▸ Dataset excerpts:
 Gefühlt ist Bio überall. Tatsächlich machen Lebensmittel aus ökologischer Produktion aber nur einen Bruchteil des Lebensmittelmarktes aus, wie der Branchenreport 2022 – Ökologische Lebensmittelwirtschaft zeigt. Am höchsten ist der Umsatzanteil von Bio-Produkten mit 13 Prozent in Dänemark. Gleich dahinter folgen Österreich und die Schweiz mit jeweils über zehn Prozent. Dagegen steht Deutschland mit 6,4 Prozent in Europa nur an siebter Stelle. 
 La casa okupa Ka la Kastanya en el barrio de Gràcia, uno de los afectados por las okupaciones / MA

---

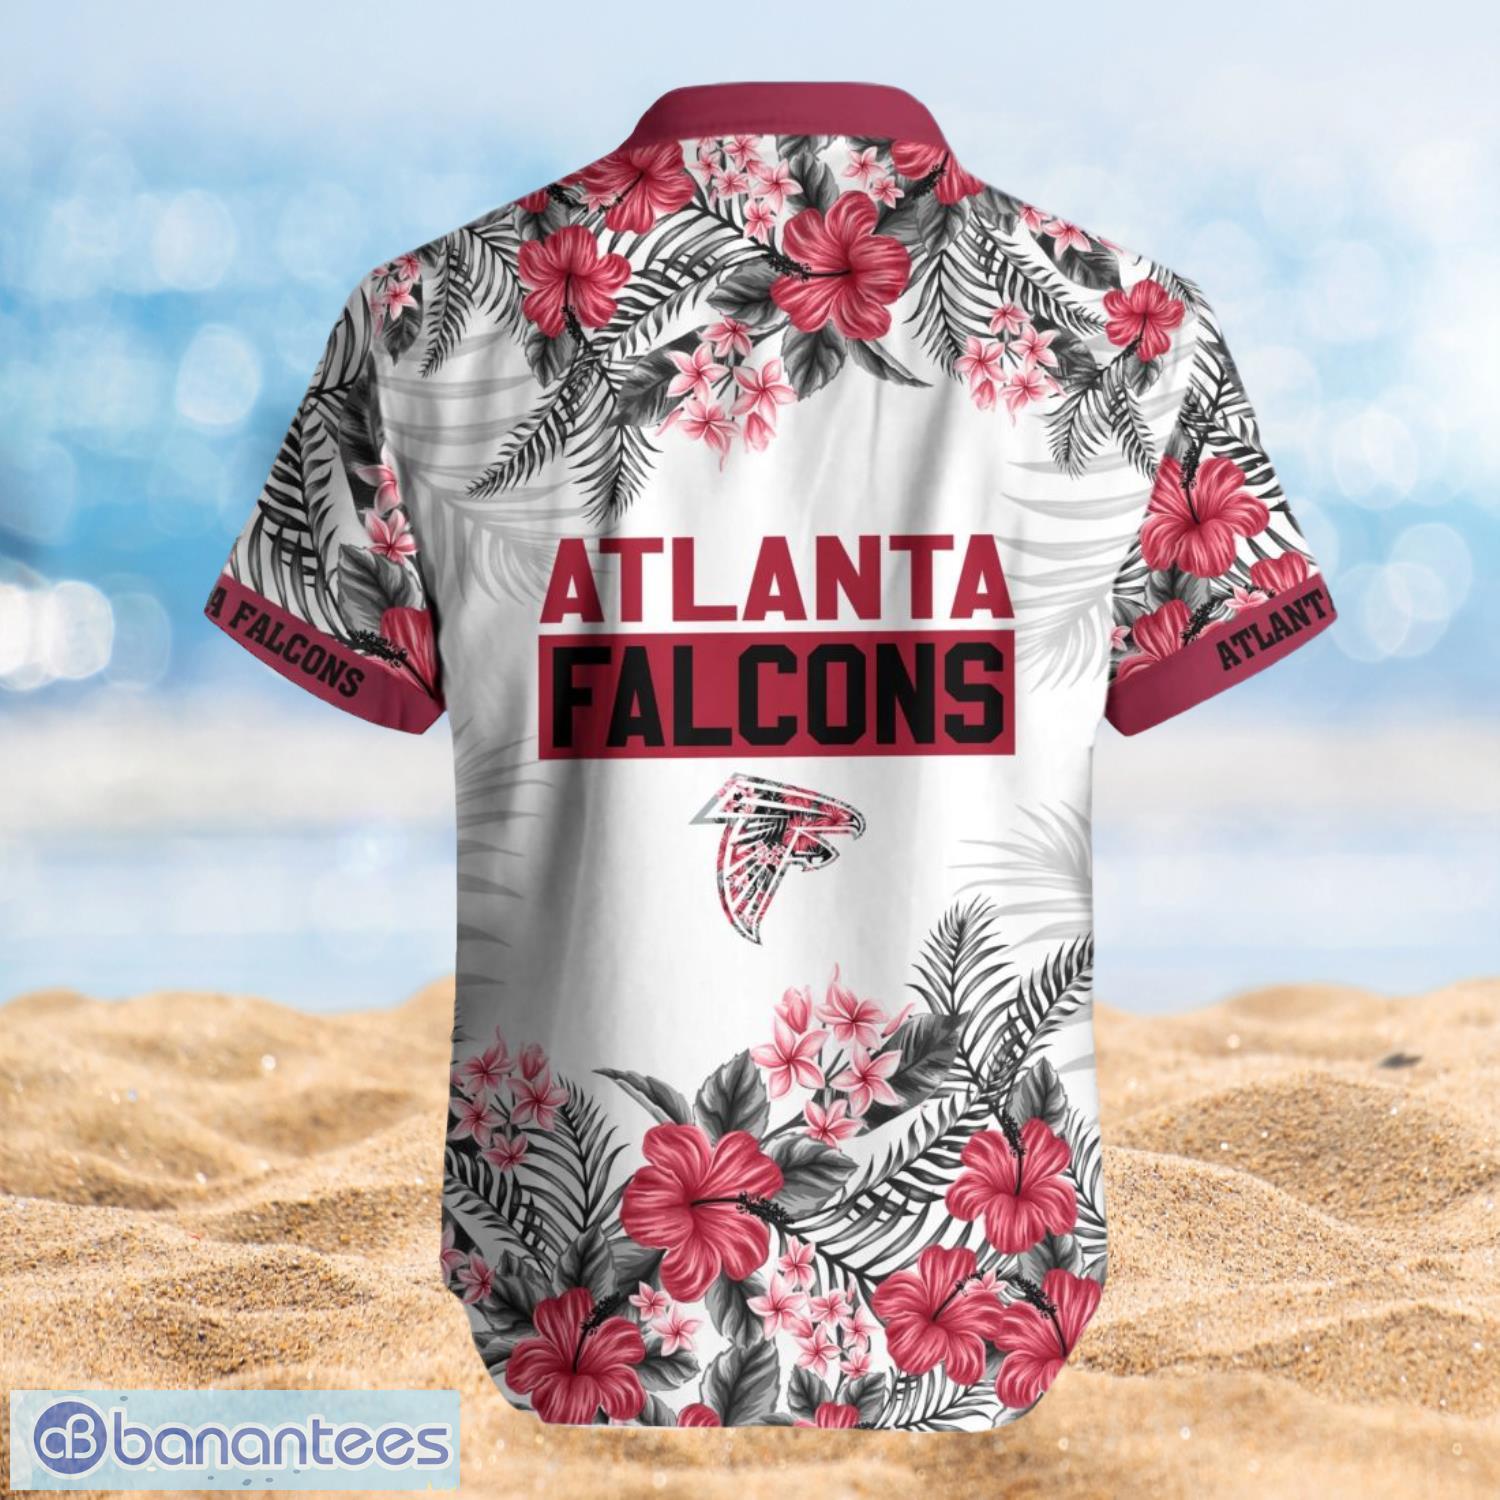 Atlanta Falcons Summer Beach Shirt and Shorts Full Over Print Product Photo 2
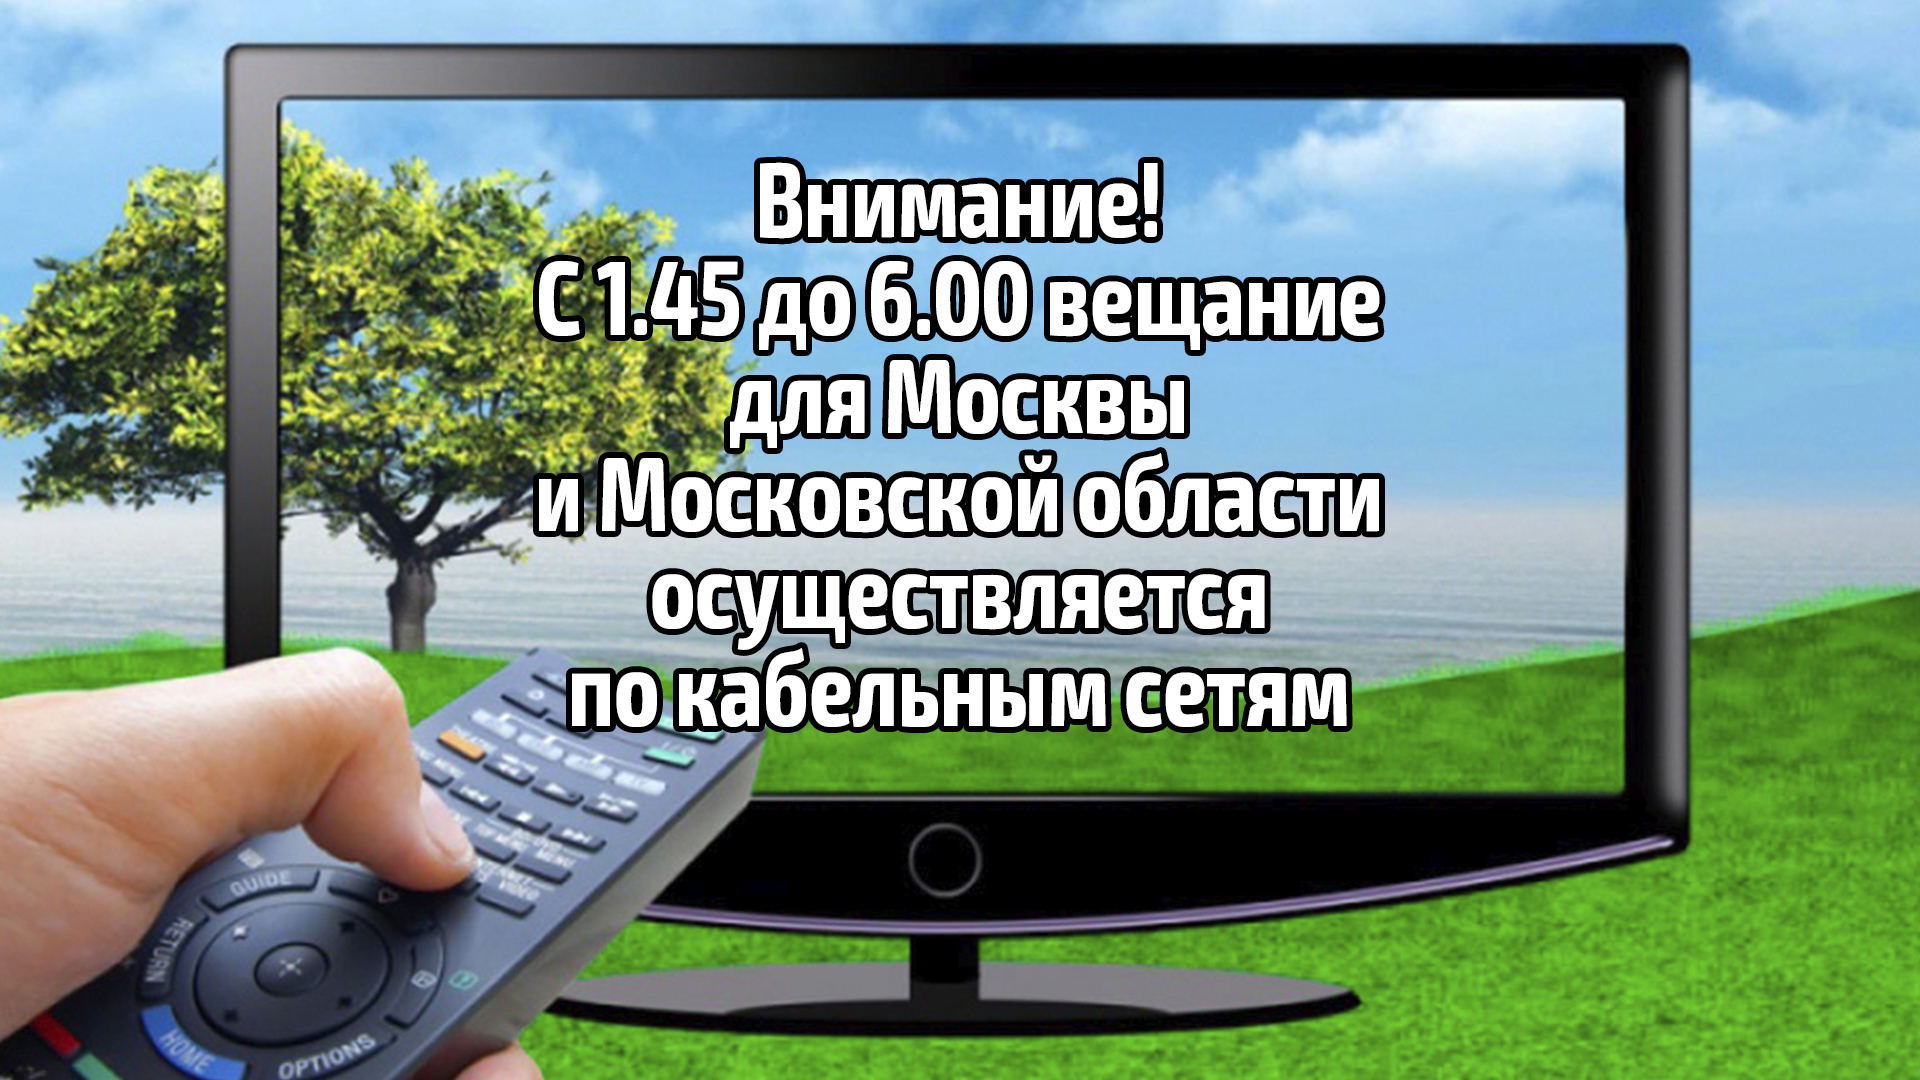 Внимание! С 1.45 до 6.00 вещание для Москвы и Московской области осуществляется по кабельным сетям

▸ What the task requires: Of the lines above, output exactly those from the line bearing "Gefühlt ist Bio" through the line bearing "La casa okupa", inclusive.

▸ Result for this task:
 Gefühlt ist Bio überall. Tatsächlich machen Lebensmittel aus ökologischer Produktion aber nur einen Bruchteil des Lebensmittelmarktes aus, wie der Branchenreport 2022 – Ökologische Lebensmittelwirtschaft zeigt. Am höchsten ist der Umsatzanteil von Bio-Produkten mit 13 Prozent in Dänemark. Gleich dahinter folgen Österreich und die Schweiz mit jeweils über zehn Prozent. Dagegen steht Deutschland mit 6,4 Prozent in Europa nur an siebter Stelle. 
 La casa okupa Ka la Kastanya en el barrio de Gràcia, uno de los afectados por las okupaciones / MA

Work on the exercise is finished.